I have the tp2 set to greater than Zero for a Buy Entry
I have the TP2 set to less than Zero for a Sell Entry.
The only stop price is a locked Price Floor of 10% . ALL LOCKED.
The Tp2 is set for 1 Day forward and Retrain on each Bar .
As Marge pointed out in an earlier discussion , this is the walk forward
of 1 bar.
Then when it is in testing mode , i see the number of winning trades move around by a large number , if it is walking forward why does not
it change by One trade at a time ?
So at the start it begins at Zero trades and progressively moves up :
Until it has completed the back test.
Mine at times goes from 96 trades down to 72 trades , So if it finds a better solution on 1 bar, does it then applies that solution to the other bars ?

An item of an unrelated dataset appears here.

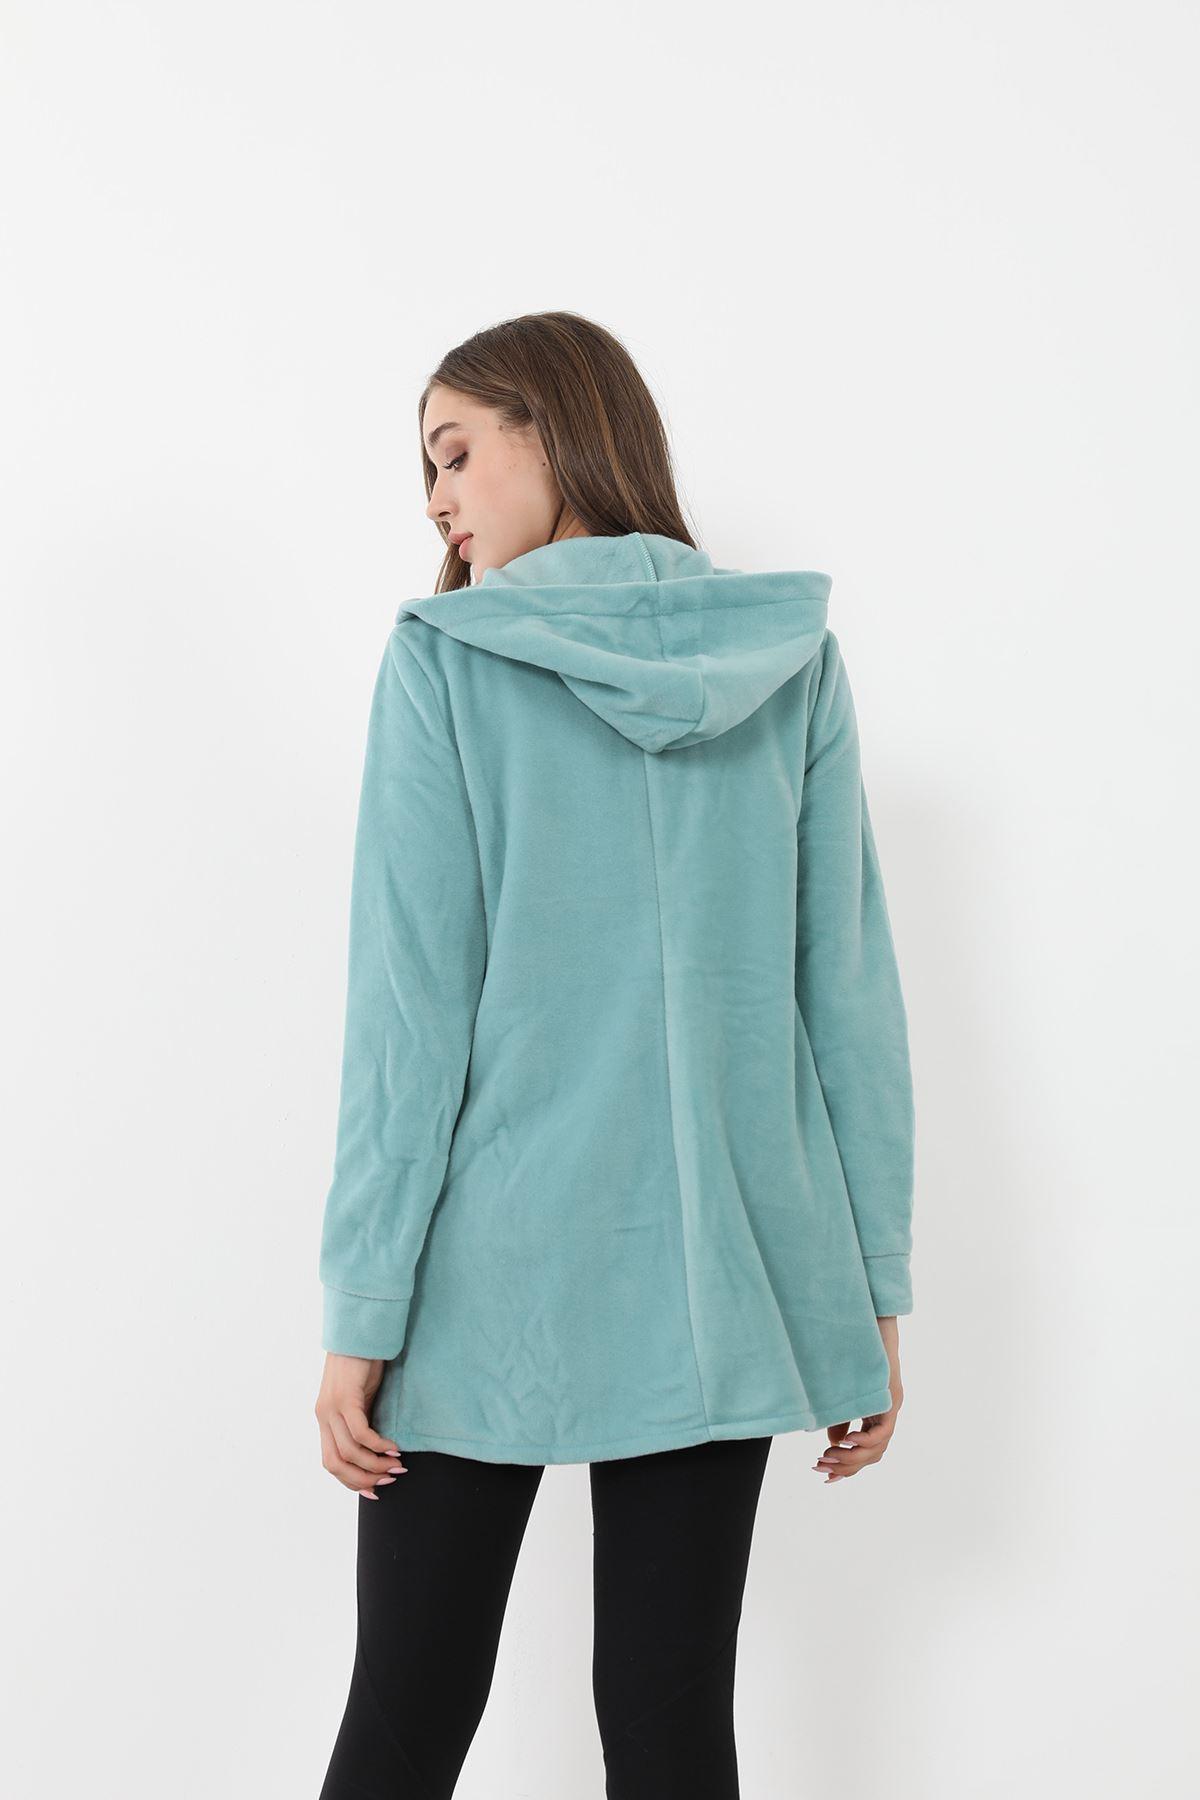 Fermuarlı Polar Sweatshirt-Mint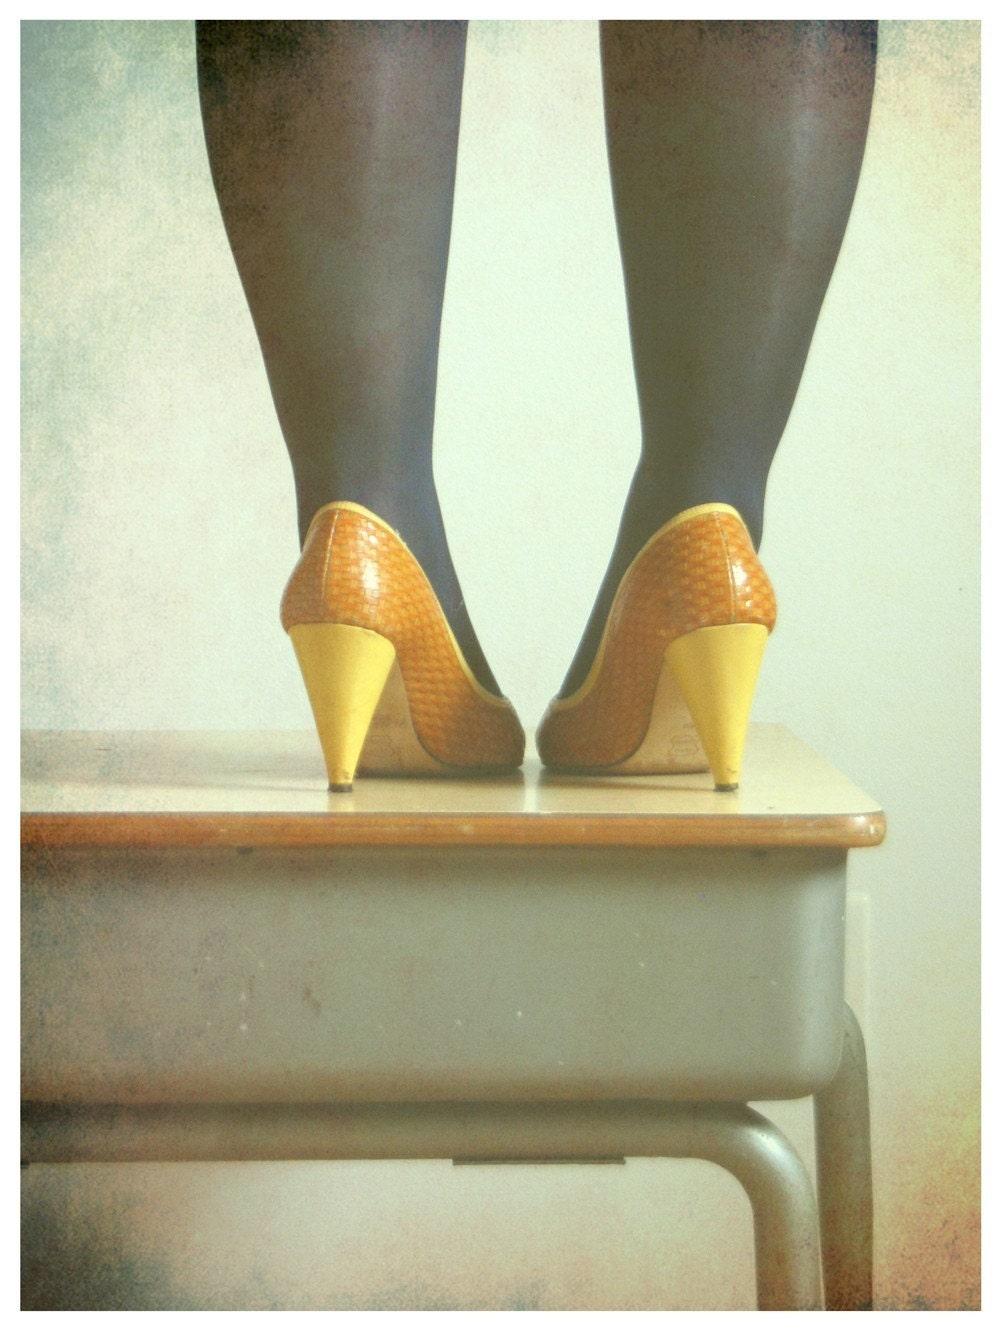 My Pretty Power 5x7 Fine Art Print--Vintage Shoes Elementary School Desk Retro Photograph

Because I am trying to determine how much confidence to place in the TP2 ? And is it doing a correct walk forward ?
Regards
Michael.
> I am trying to determine how the TP2 when it is set to 1 bar forward
> and retrain on each bar is actually working.As far as the Tprop indicators are concerned, they are simply an indicator that returns a stream of values. TProp indicators are absolutely no different than a moving average calculation, except that it does a more complicated computation.
So for instance a Moving Average stream of data is computed as follows:
1) It takes a window size (say 200 bars) and produces a value for the last bar (i.e. the average of the last 200 bars).
2) It then moves it’s window forward one bar and produces a value for the new bar at the end (i.e. the average of the last 200 bars).
3) Each time it shifts forward in time, it uses the prior 200 bars to create the last bar’s value using a completely independent calculation from the prior windows.In TProp’s case, it does exactly the same thing as the Moving Average. The Tprop indicator set to retrain on every new bar is computed as follows:
1) The Tprop indicator takes a window size (say 200 training set size) and produces a value for the last bar (i.e. it trains a neural network on the specified input values over the earlier 200 bars not including the most recent bar and then applies that neural network to the input values of the most recent bar … i.e. input values it wasn’t trained on … aka “out of sample” value).
2) It then moves it’s window forward one bar and produces a value for the new bar at the end (i.e. an entirely new neural network trained over the prior 200 bars and then applied to the last bar’s input values.
3) Each time it shifts forward in time it uses the prior 200 bars to create the last bar’s value using a completely independent calculation from the prior windows.Notice how the only difference between 1 thru 3 for the Simple Moving Average and the Tprop is that the complexity of the calculation. The Moving Average does a summation and divides by the length of the window size. Tprop on the other hand builds a model on the prior data and then uses that model to “predict” the last bar’s value. They both then “walkforward” the calculation one bar and do completely new calculations to compute the next value.
> So if it finds a better solution on 1 bar, does it then applies that solution to the other bars ?
No, as explained above, every new walkforward (i.e. shifting of the calculation window) uses a completely independent set of calculations … whether you are talking about a Moving Average that walks-forward it’s calculation window by 1 bar or a Tprop indicator that walks-forward it’s training set by 1 bar.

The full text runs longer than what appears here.